- **Data to process**
***
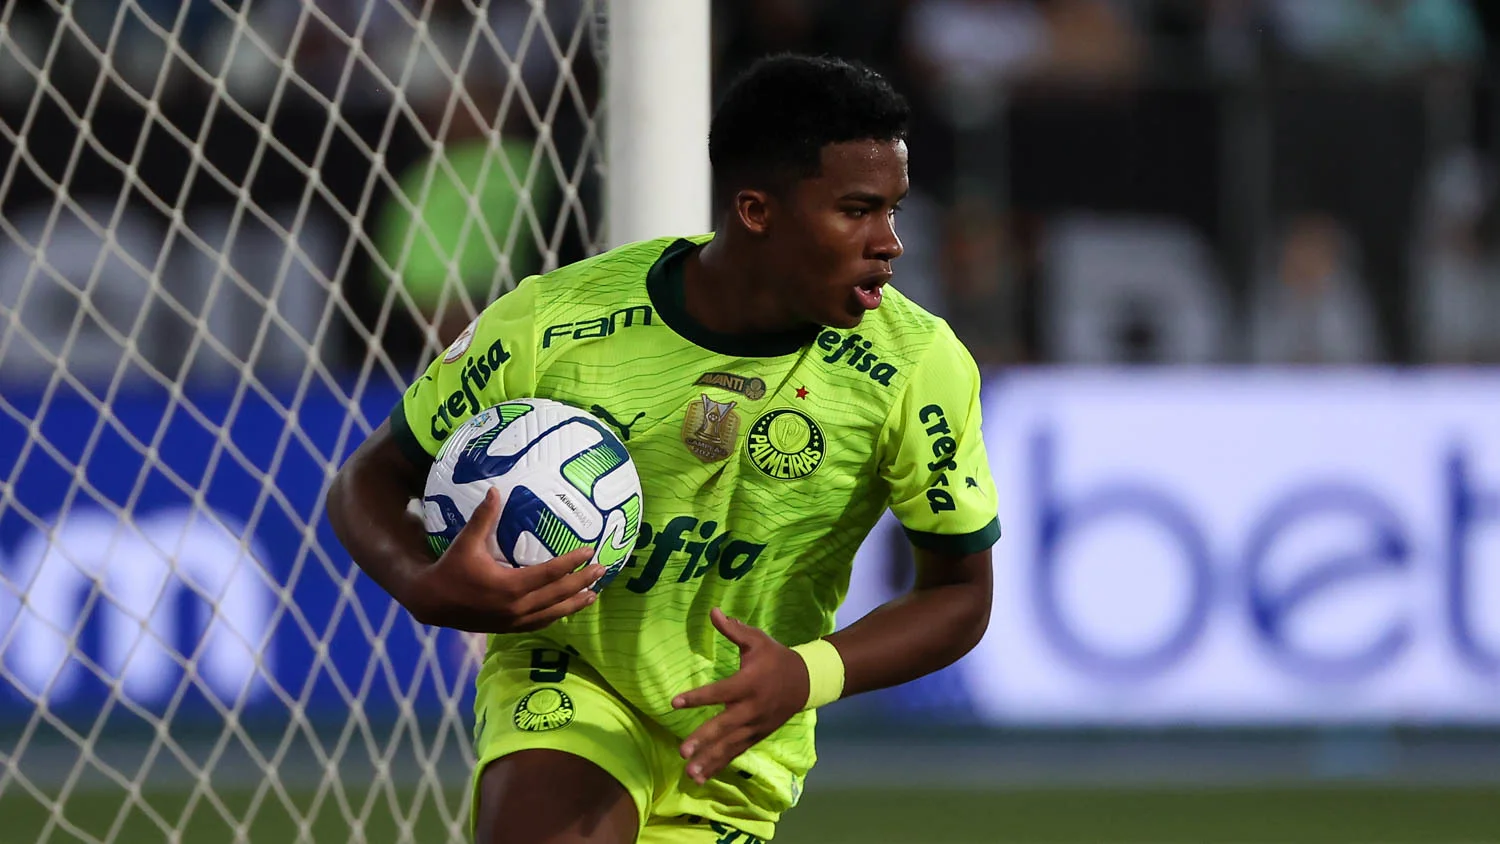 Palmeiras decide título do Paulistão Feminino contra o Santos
***
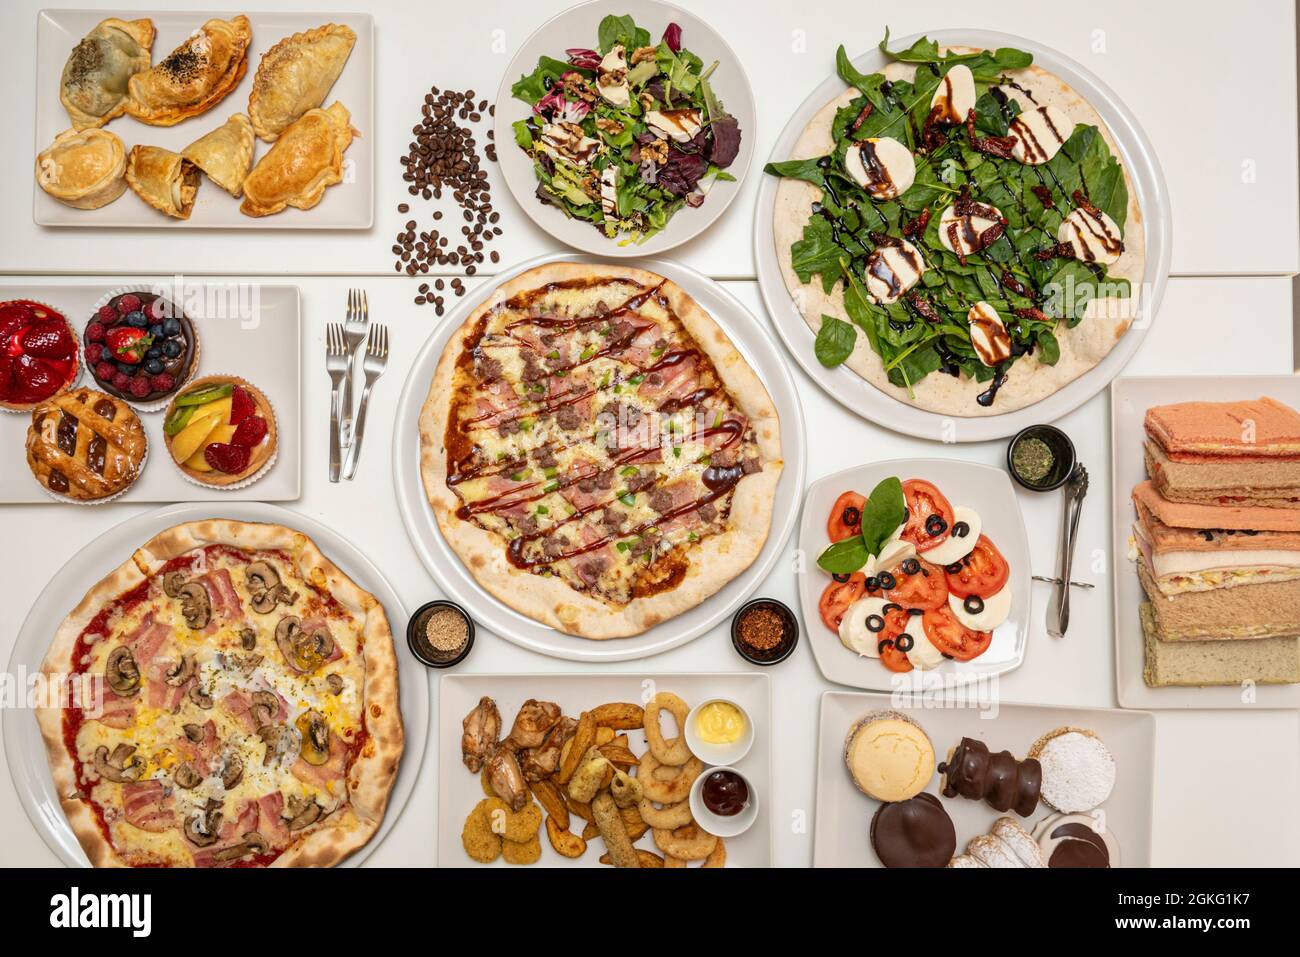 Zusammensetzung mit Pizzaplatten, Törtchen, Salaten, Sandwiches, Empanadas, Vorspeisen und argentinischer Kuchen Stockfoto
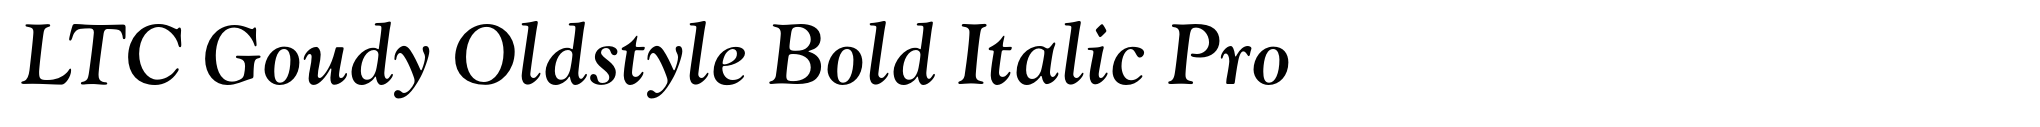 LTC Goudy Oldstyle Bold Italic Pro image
***
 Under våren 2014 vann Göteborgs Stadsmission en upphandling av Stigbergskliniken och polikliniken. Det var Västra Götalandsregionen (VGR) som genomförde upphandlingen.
***
- **Exercise objective**
Using the entries above, reproduce word for word only the lines from the one that contains "argentinischer Kuchen Stockfoto" to the one that contains "LTC Goudy Oldstyle Bold Italic Pro image", both ends included, and drop every picture.

- **The answer**
 Zusammensetzung mit Pizzaplatten, Törtchen, Salaten, Sandwiches, Empanadas, Vorspeisen und argentinischer Kuchen Stockfoto
 LTC Goudy Oldstyle Bold Italic Pro image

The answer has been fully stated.